Convert text to lifelike speech. See references/tts-models.md for model details.

Python SDK

from elevenlabs.client import ElevenLabs
from elevenlabs import play

client = ElevenLabs(api_key="your-api-key")

audio = client.text_to_speech.convert(
    text="Hello world!",
    voice_id="JBFqnCBsd6RMkjVDRZzb",  # George
    model_id="eleven_multilingual_v2",
    output_format="mp3_44100_128"
)
play(audio)

MCP Tool

mcp__ElevenLabs__text_to_speech
- text: "Your text here"
- voice_name: "Rachel" (or voice_id)
- model_id: "eleven_multilingual_v2"
- stability: 0.5, similarity_boost: 0.75
- speed: 1.0 (range: 0.7-1.2)

Model Selection

Model	Latency	Languages	Best For
`eleven_multilingual_v2`	~500ms	29	High quality, long-form
`eleven_flash_v2_5`	~75ms	32	Real-time, agents
`eleven_turbo_v2_5`	~250ms	32	Balanced quality/speed
`eleven_v3` (alpha)	Higher	70+	Emotional, dramatic

Speech-to-Text (Scribe)

Transcribe audio with 90+ language support.

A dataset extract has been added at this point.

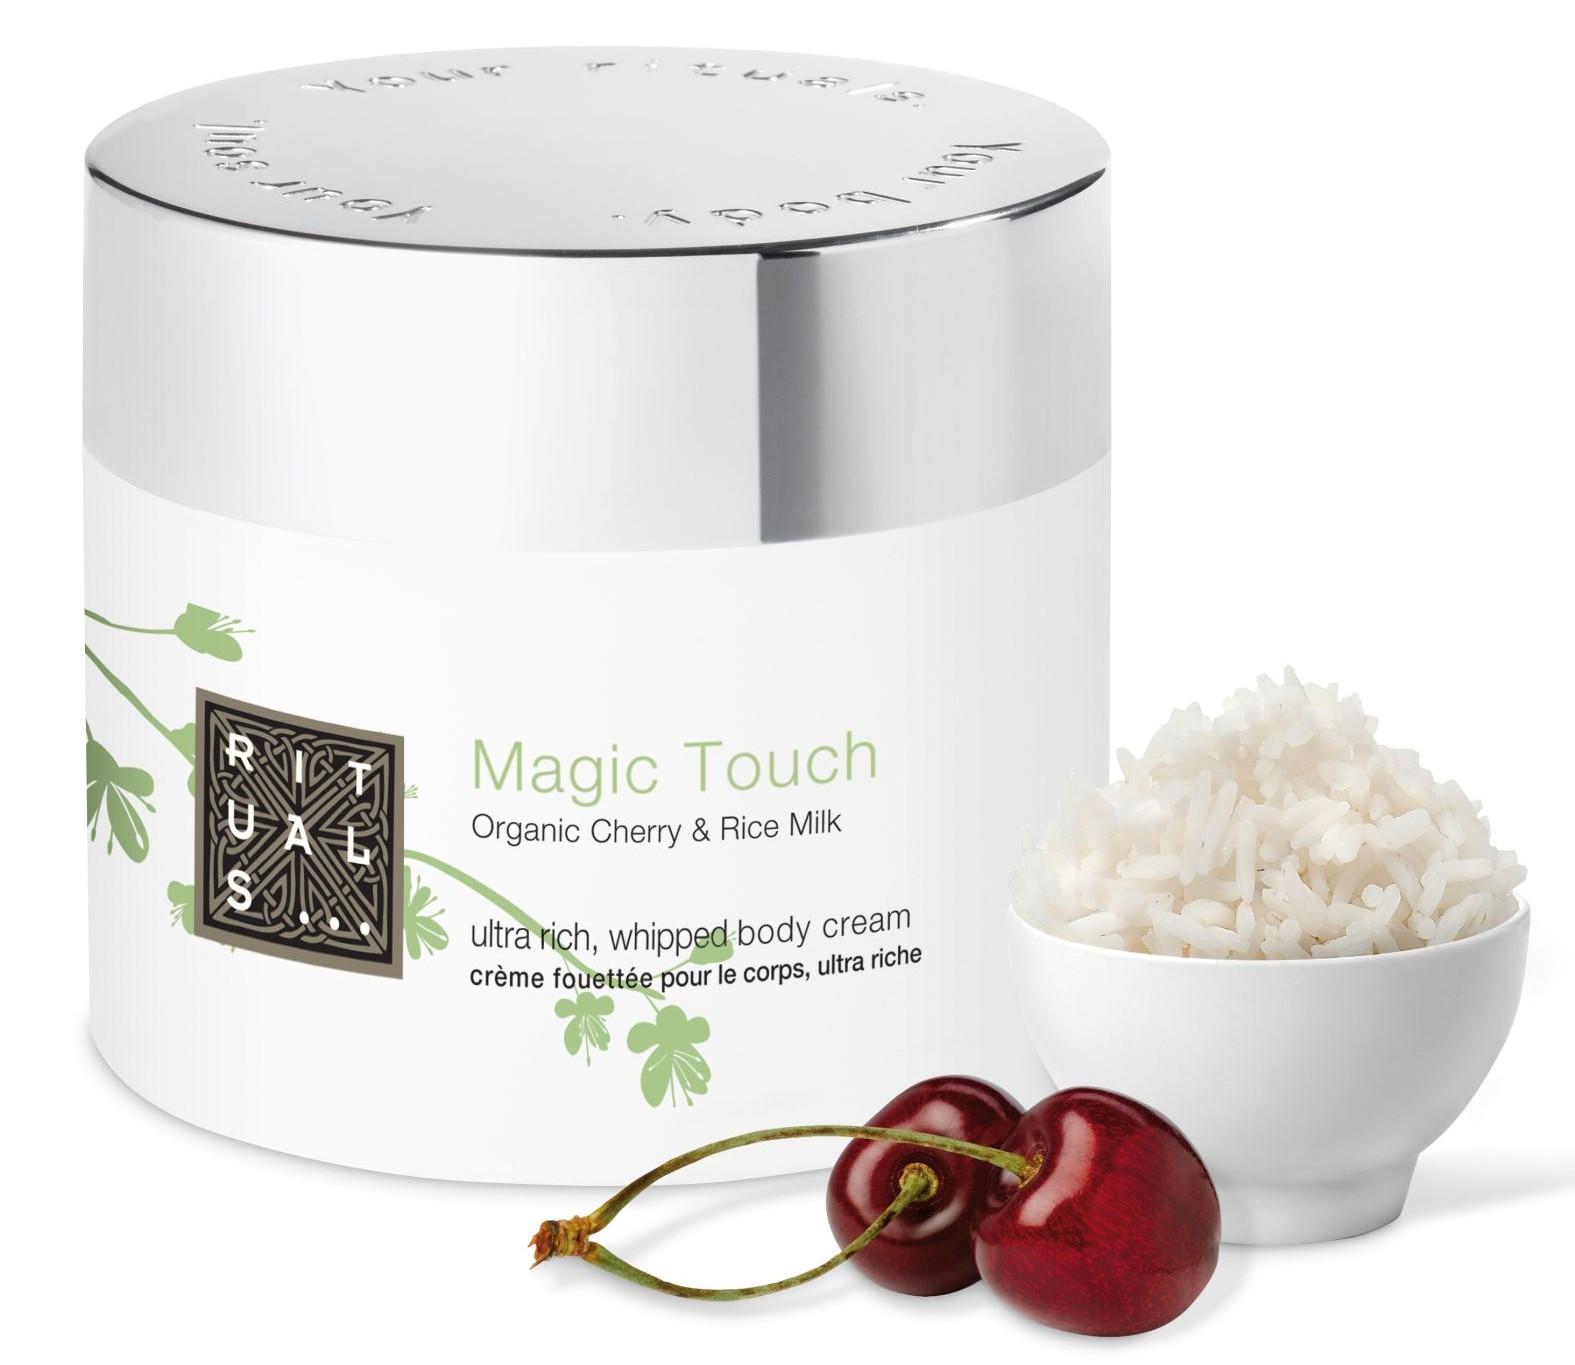 Rituals - Magic Touch třešeň&rýžové mléko-tělový krém, ultra-rich, zláčňující, zpevňující, 200ml, cena 419Kč
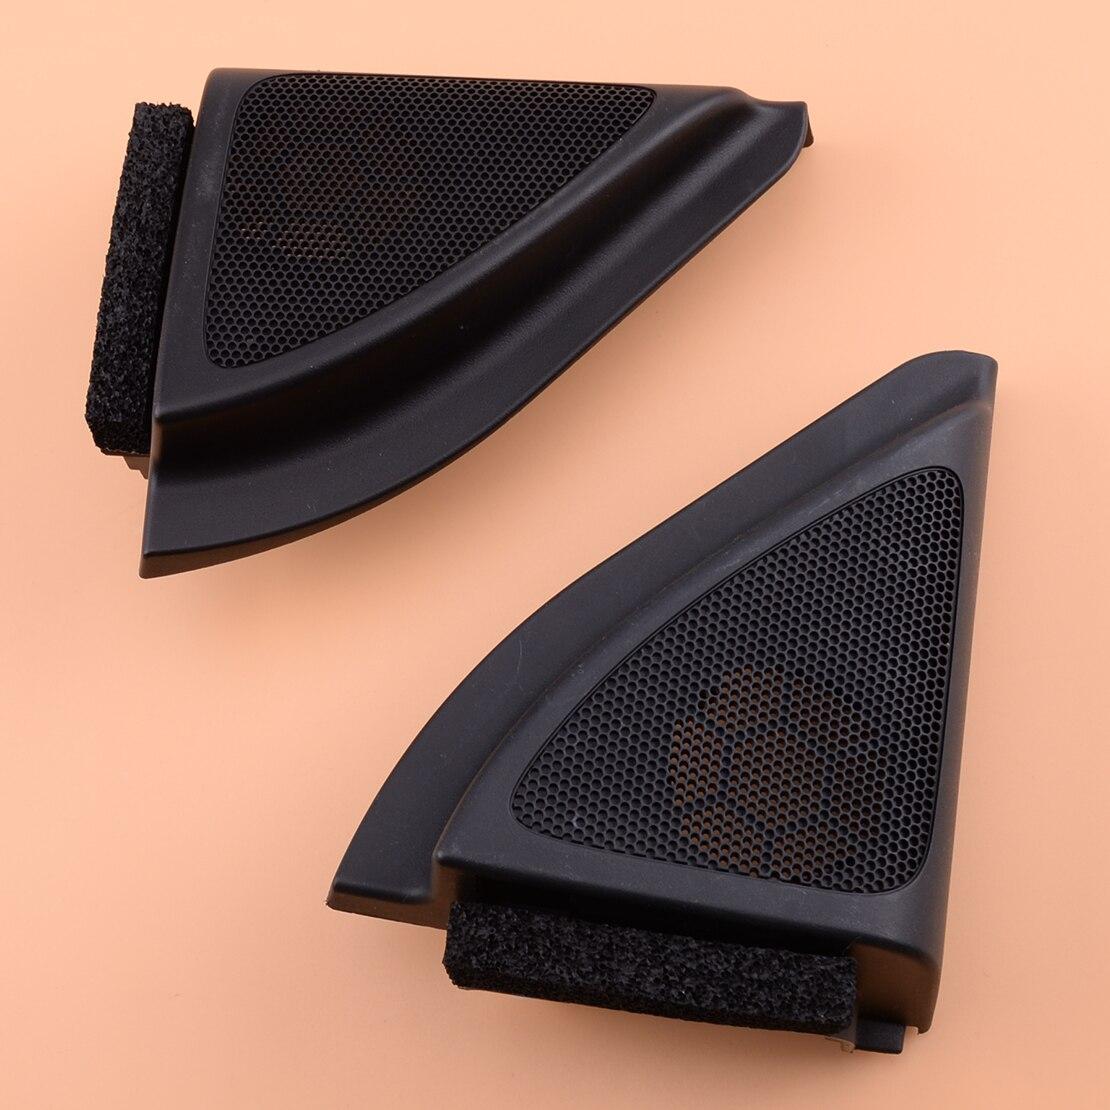 1 paar Front Tür Lautsprecher Hochtöner Dreieck Abdeckung Trim Panel Fit für Toyota Corolla 2013 2012 2011 2010 2009 2008 2007 2006

See references/stt-scribe.md for details.

Python SDK

result = client.speech_to_text.convert(
    file=open("audio.mp3", "rb"),
    model_id="scribe_v2",
    diarize=True  # Speaker detection
)
print(result.text)

MCP Tool

mcp__ElevenLabs__speech_to_text
- input_file_path: "/path/to/audio.mp3"
- diarize: true (speaker detection)
- language_code: "eng" (or auto-detect)

Features

90+ languages with word-level timestamps
Speaker diarization (up to 48 speakers)
Keyterm prompting (bias toward specific words)
Entity detection (names, numbers, dates)
Realtime mode (~150ms latency)

Voice Cloning

Instant Voice Clone (MCP)

mcp__ElevenLabs__voice_clone
- name: "My Voice"
- files: ["/path/to/sample1.mp3", "/path/to/sample2.mp3"]
- description: "Professional male voice"

Requirements

Instant: 30+ seconds of clean audio
Professional: 30+ minutes for hyper-realistic clones
Creator plan or higher required

Voice Design

Create entirely new voices from text descriptions.

MCP Tool

mcp__ElevenLabs__text_to_voice
- voice_description: "A warm, friendly male voice with a slight British accent,
  perfect for audiobook narration"

Creates 3 voice previews to choose from. Use create_voice_from_preview to save.

Sound Effects

Generate cinematic sound effects from text. See references/sound-effects.md.

MCP Tool

mcp__ElevenLabs__text_to_sound_effects
- text: "Heavy wooden door creaking open slowly"
- duration_seconds: 3.0 (0.5-30 seconds)
- loop: false

Prompting Tips

Simple: "Glass shattering on concrete"
Sequences: "Footsteps on gravel, then a metallic door opens"
Musical: "90s hip-hop drum loop, 90 BPM"

Music Generation

Generate studio-grade music. See references/music-generation.md.

MCP Tool

mcp__ElevenLabs__compose_music
- prompt: "Upbeat electronic track with driving synths, 120 BPM"
- music_length_ms: 60000 (10s-5min)

Features

Complete control over genre, style, structure
Vocals or instrumental
Multilingual lyrics
Edit sections individually

Dubbing

Translate audio/video while preserving speaker identity. See references/dubbing.md.

32 languages supported
Preserves emotion, timing, tone
Speaker separation (up to 9 speakers)
Files up to 1GB / 2.5 hours via API

Voice Changer (Speech-to-Speech)

Transform any voice while preserving performance nuances.

MCP Tool

mcp__ElevenLabs__speech_to_speech
- input_file_path: "/path/to/recording.mp3"
- voice_id: "target_voice_id"

Preserves whispers, laughs, emotional cues
29 languages supported
Billed at 1000 chars/minute

Voice Isolator

Remove background noise from recordings.

MCP Tool

mcp__ElevenLabs__isolate_audio
- input_file_path: "/path/to/noisy_audio.mp3"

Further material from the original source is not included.